What the Verizon-NY 2017 Annual Report shows is that ALL of these services are not paying the common costs. The expenses, starting in 2000, were diverted into the Local Service, i.e. legacy, copper-based telephone and Internet lines.

2. The FCC Cost Accounting Rules are Zombie Rules.

The FCC claims that their accounting rules which created this financial mess — and which you will be able to examine in the Verizon NY 2017 Annual Report — no longer matter. Like the Walking Dead, these rules are in place and are in use, and no one is examining the harms. In the Verizon NY settlement, these accounting rules were front and center . . . Rate increases were based on losses created by these rules, and the tax dodging is based on these rules.
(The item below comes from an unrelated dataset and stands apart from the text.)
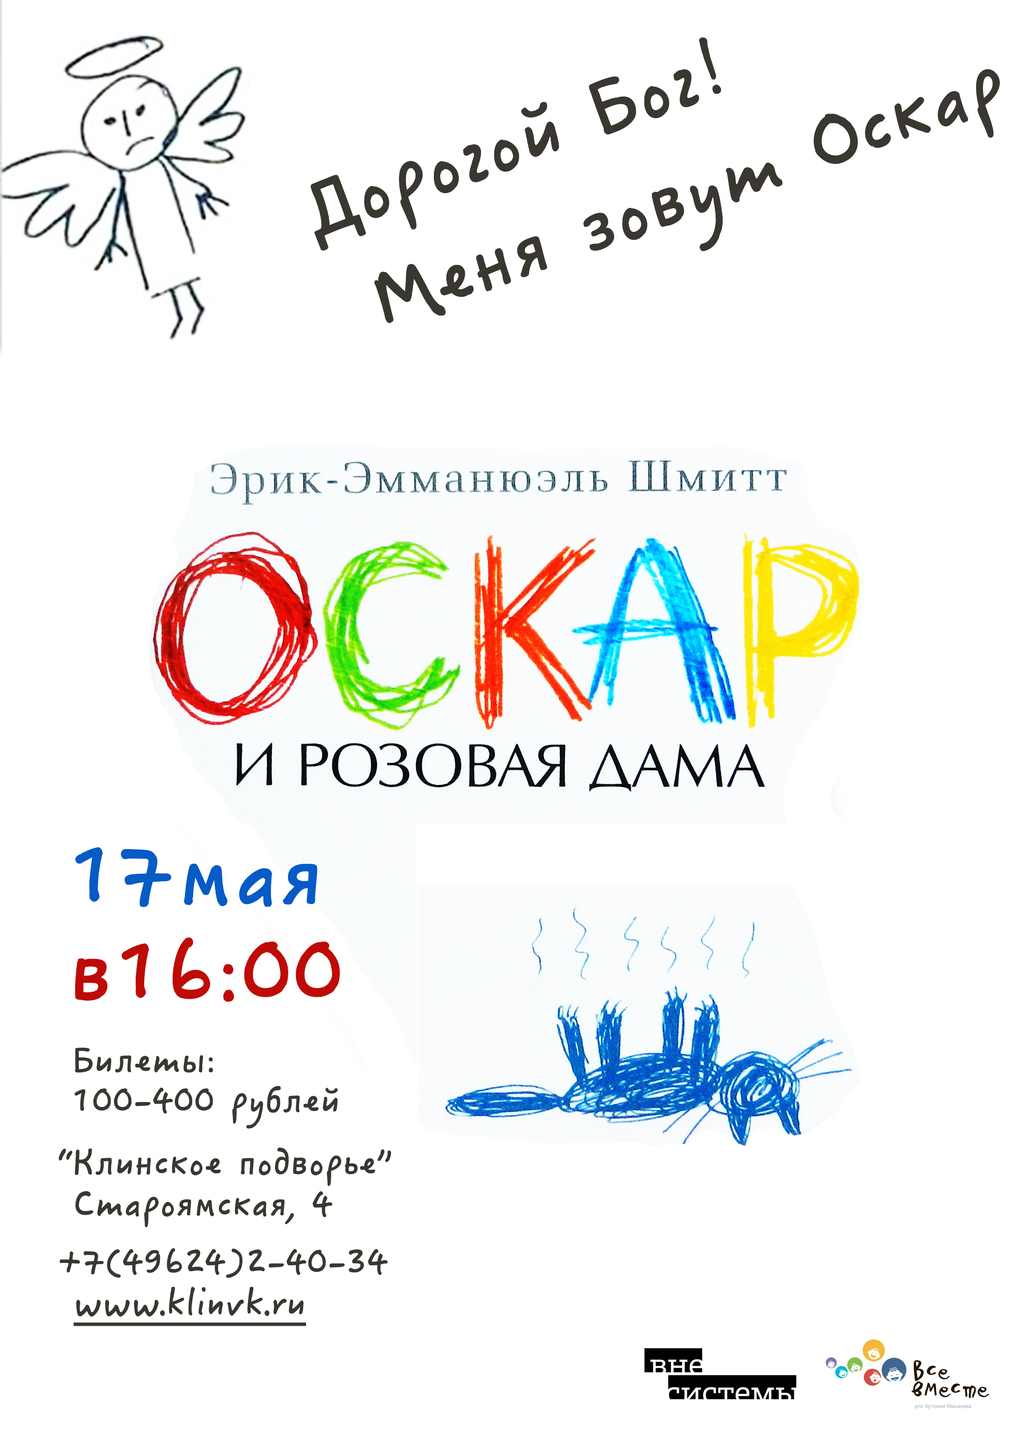 oskar2-1024
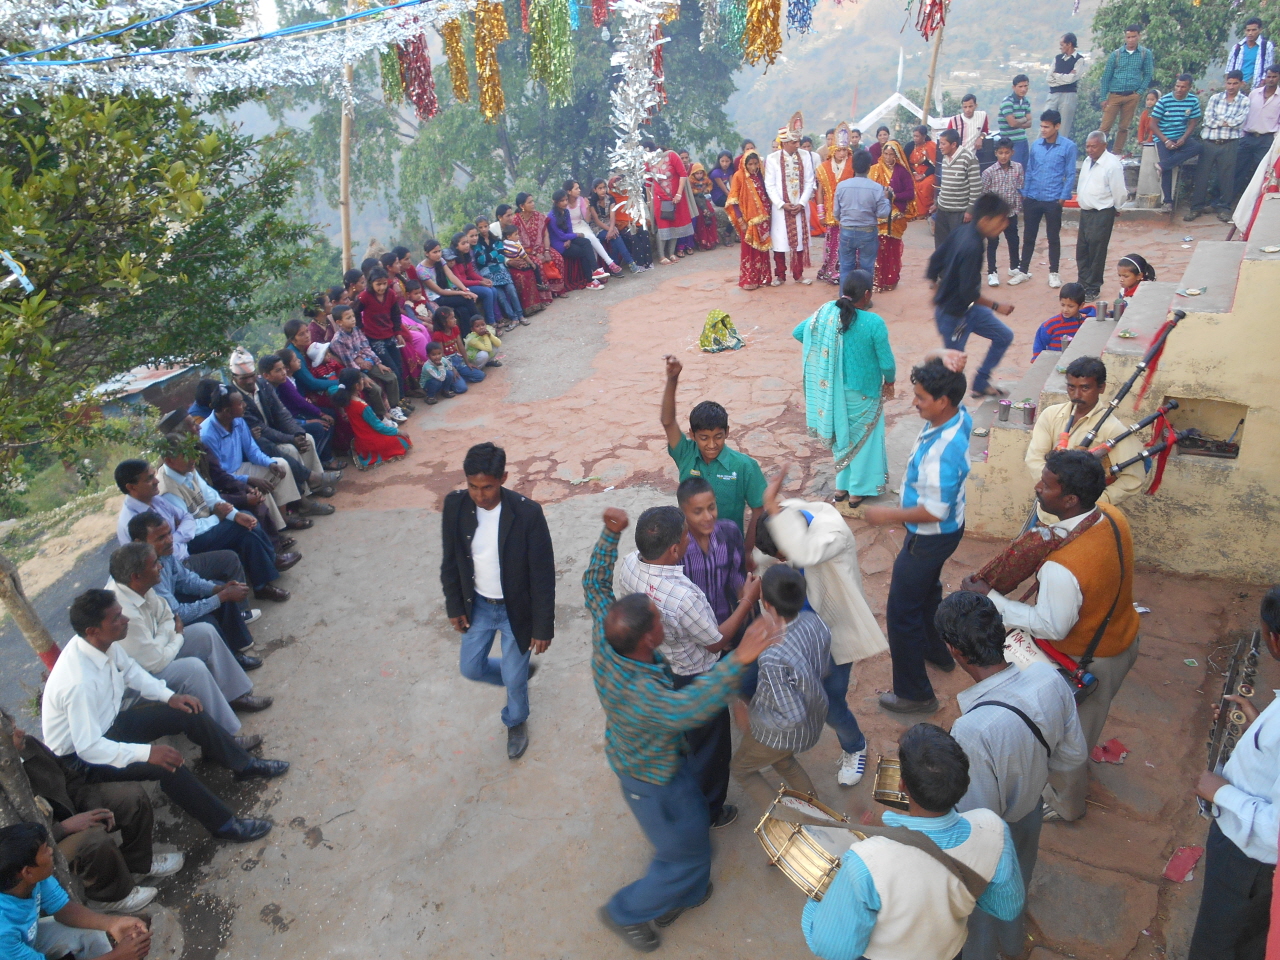 예식을 올리는 한 옆에서 마을 청년들이 신명나는 춤판을 벌이고 있다.

3. The accounting of the actual lines in service has been manipulated.

Few know that AT&T et al., and the FCC have manipulated the accounting of the copper lines so that it only shows the copper-wire voice lines and leaves out approximately 80% of the lines in service based on the revenues, as shown in the Verizon NY financial reports.

4. This FCC is not only captured by Verizon, AT&T, and Centurylink, but is laying the foundation for an ugly future.

For each of the three non-competing, wired broadband Telecom companies, the primary infrastructure of these companies are being dismantled to stop the retail sale of wired networks so that that this public asset is being handed over to the wireless company as private property — with no obligations or reimbursement to the public.

Conclusion: End this Fraud

  1. Follow the Money: None of this financial hanky-panky should be allowed to continue. There are billions of dollars in New York alone that should never have been allowed to be diverted from SPTUs companies to private Wireless companies.

  2. Let’s get the money back: Let’s bring fiber optic broadband to everyone, close the Digital Divide, lower prices across-the-board on all services, and get refunds for charging landline consumers for wireless deployments 

    • There are Billions in Taxes that were dodged.

    • What Happened in Your State? This financial shell game is based on a manipulation of FCC accounting rules. The last similar financial report published in your state is the evidence your city can use to demand refunds.